Leissègues was promoted to ship-of-the-line captain in early 1793 and subsequently placed in command of a convoy bound for the Windward Islands. Arriving at the French colony of Guadeloupe in 1794, he found the island under British control, and participated in the French campaign to recapture it, which successfully concluded on 10 December. Leissègues was subsequently promoted to counter admiral. Upon his return to France, Leissègues was put in charge of harbour inspection from Saint-Malo to Vlissingen. He was then given command of the harbours of Ostend, Vlissingen, and Antwerp, as well of the naval forces stationed near Walcheren. Leissègues later led a French squadron to the Barbary Coast to reduce attacks by Barbary corsairs on French shipping. He obtained assurances from the rulers of Algiers and Tunis that they would not attack French ships, and brought back gifts and the ambassador of Tunis to Paris. In the same years, he transported General Guillaume Marie-Anne Brune to Constantinople.
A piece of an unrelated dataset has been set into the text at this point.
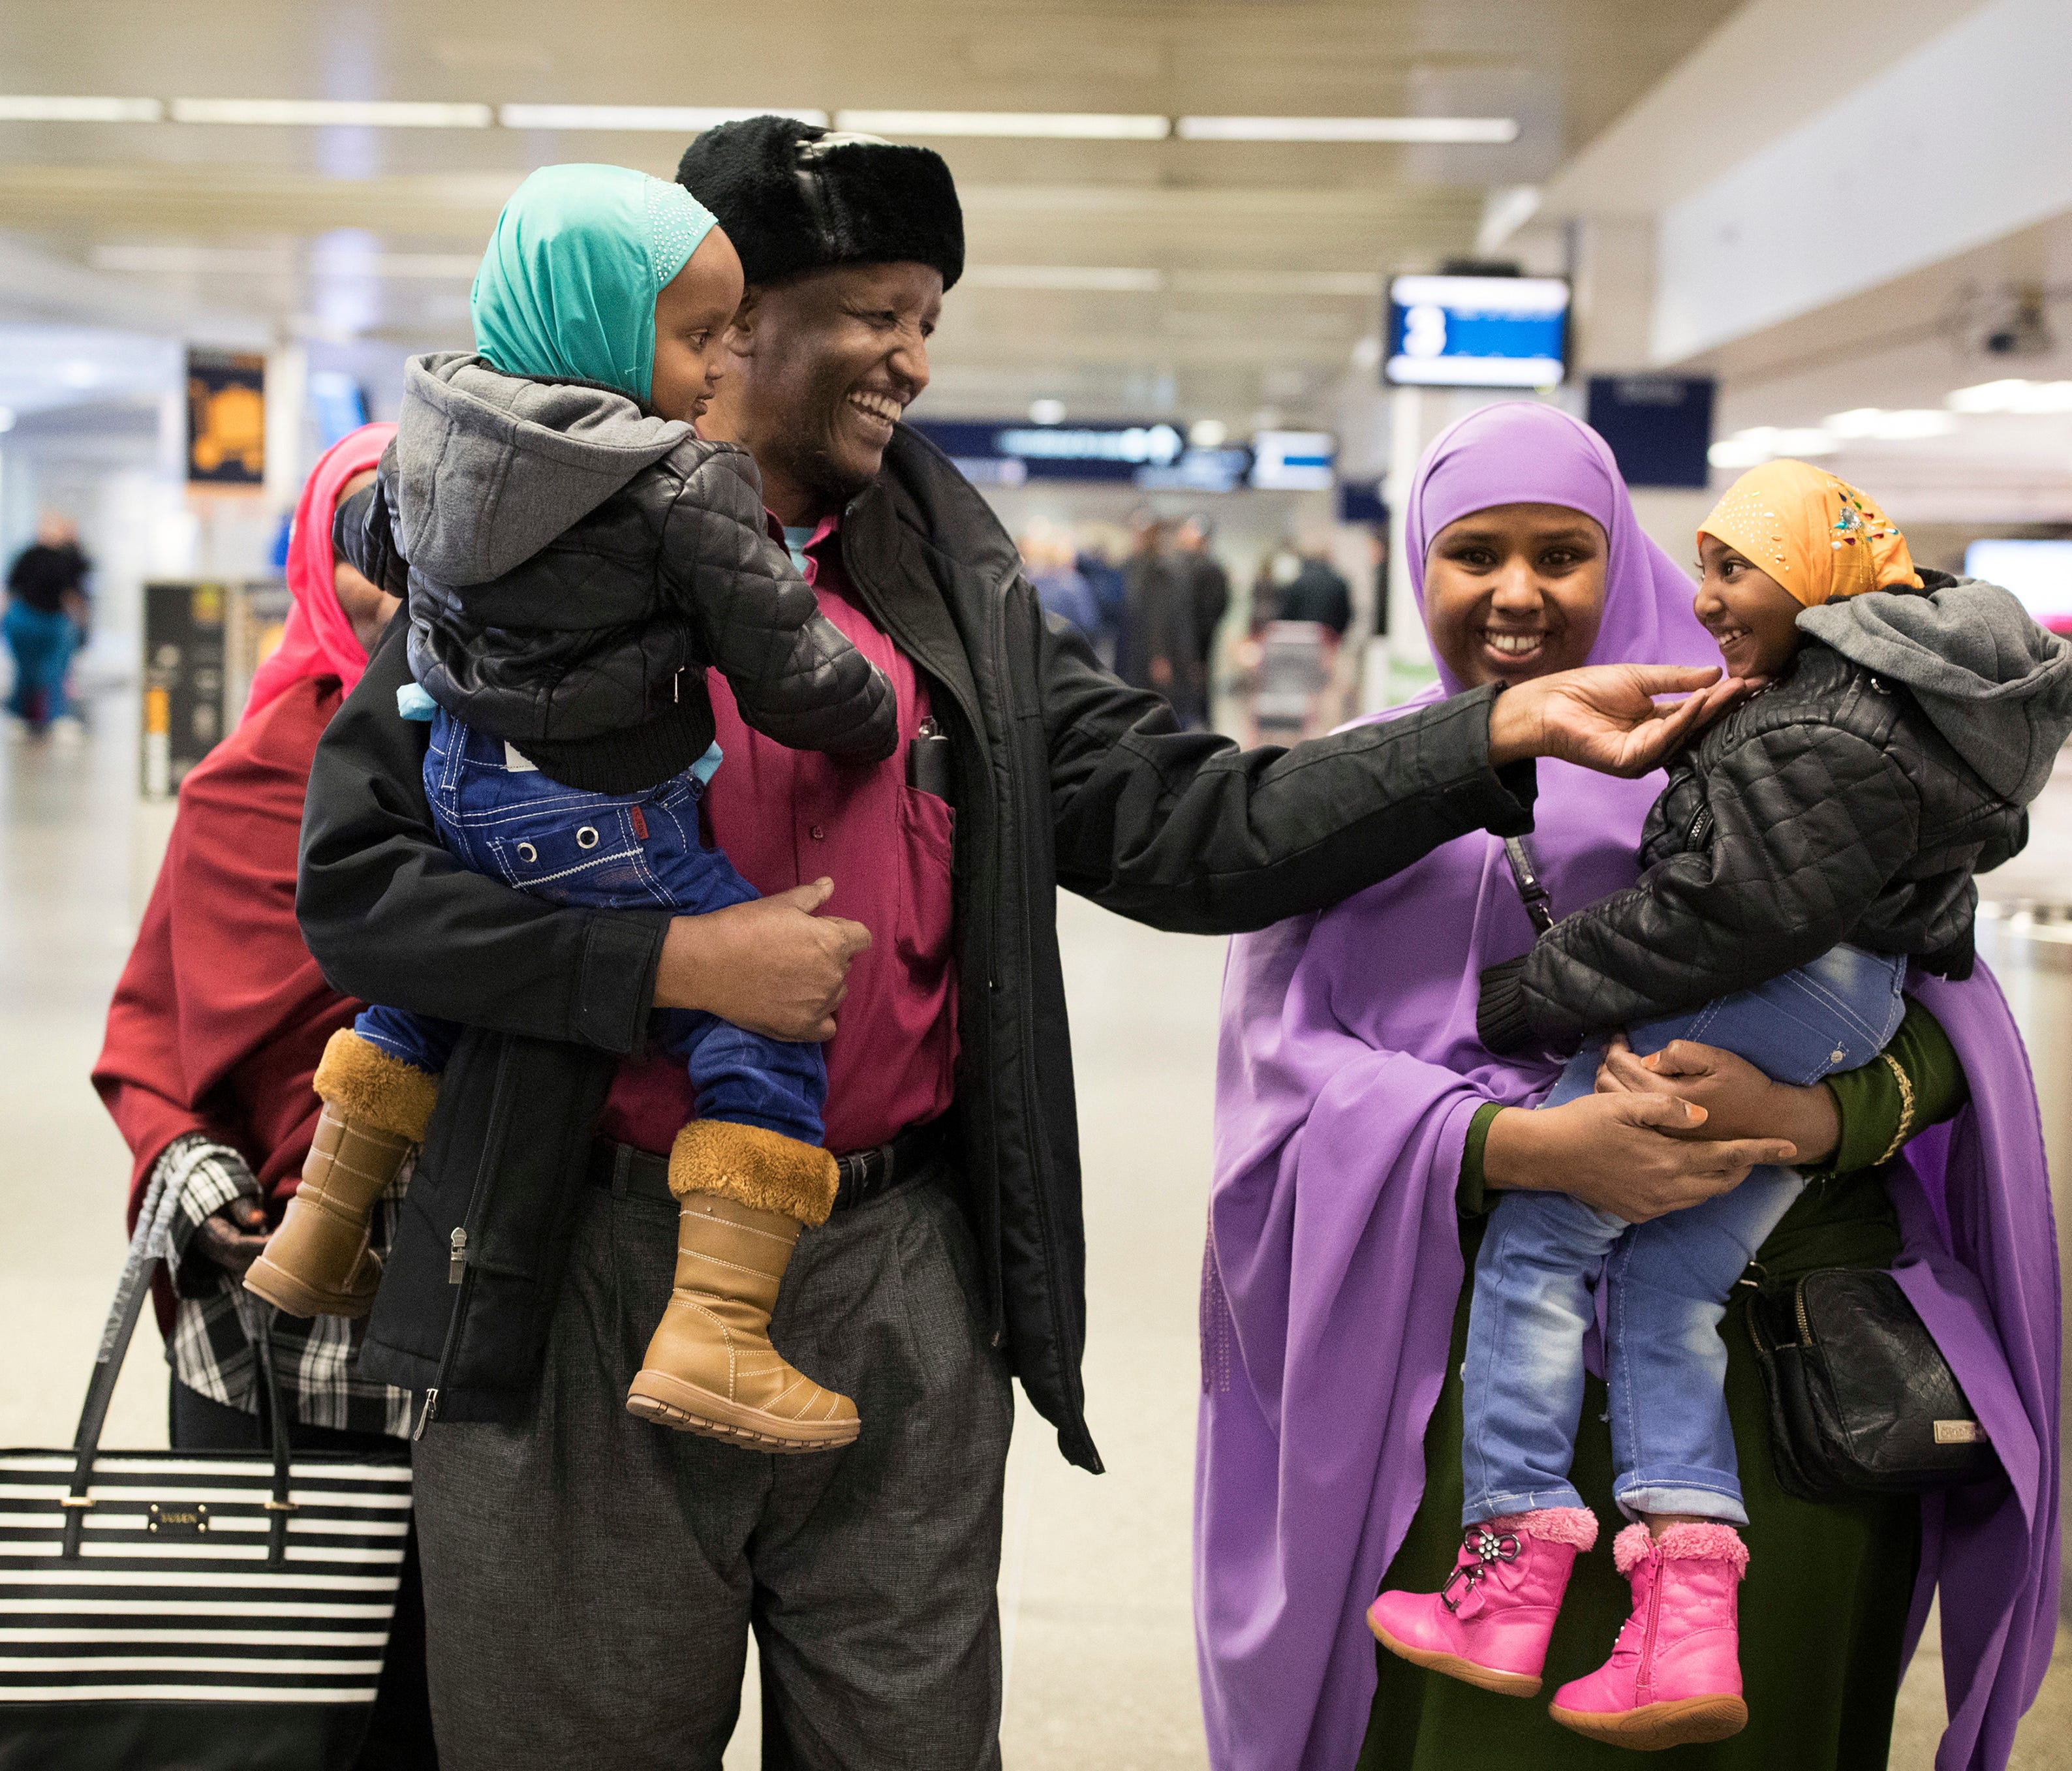 Mohamed lye, carrying his 2-year-old daughter, Nafiso, plays with his 4-year-old daughter, Nimo, carried by family friend Abdinasir Abdulahi, at Minneapolis–Saint Paul International Airport near Bloomington, Minn., after arriving from Amsterdam on  F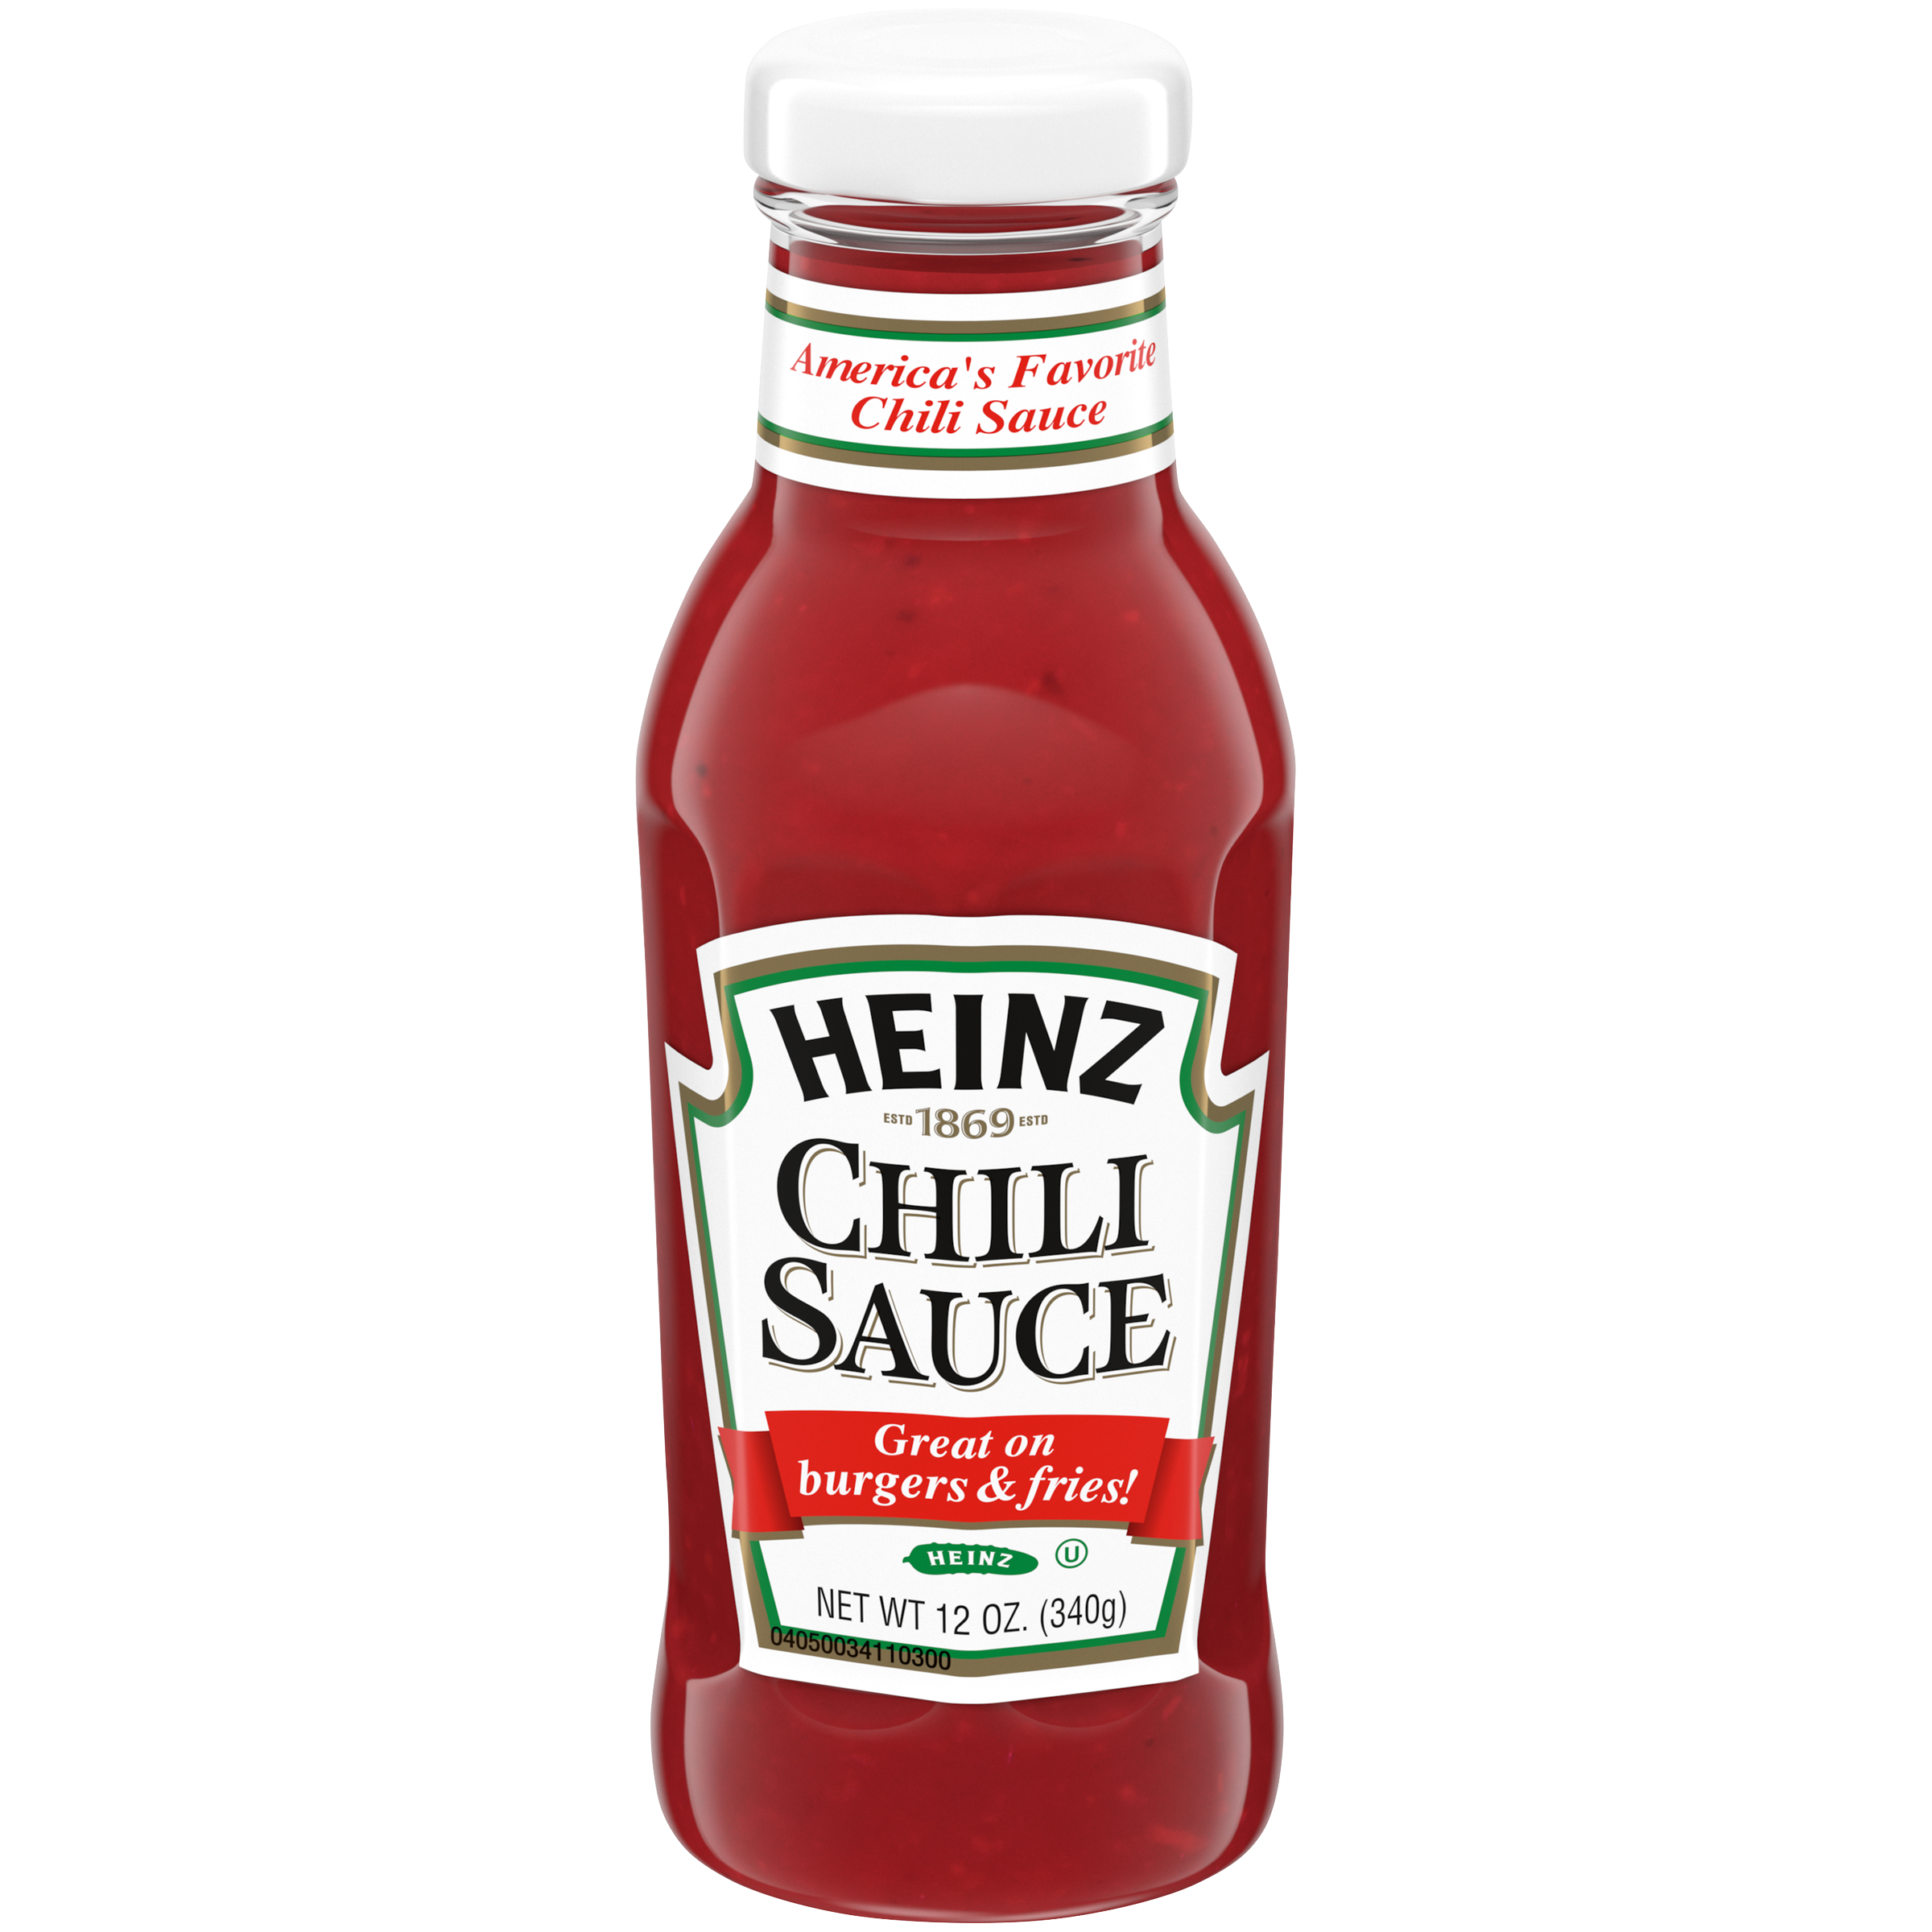 Heinz Chili Sauce: Tomato Ketchup with a Blend of Veggies

==Napoleonic Wars and death==

1808 painting of the Battle of San Domingo by Nicholas Pocock

In 1806, Leissègues led a squadron of five ships to reinforce the French colony of Santo Domingo. A British squadron under Vice-admiral John Thomas Duckworth intercepted the convoy, and destroyed it in the ensuing Battle of San Domingo. Leissègues was not captured and successfully returned to France. On 7 April 1809, Leissègues was put in charge of the defence of Venice. He was then tasked to bring supplies to Corfu, staying there until the island was surrendered to the Sixth Coalition in 1814 on the orders of Louis XVIII. Leissègues returned to Toulon in August 1814. Leissègues served under the Bourbon Restoration until 1818, rising to the rank of vice admiral. He died on 26 March 1832.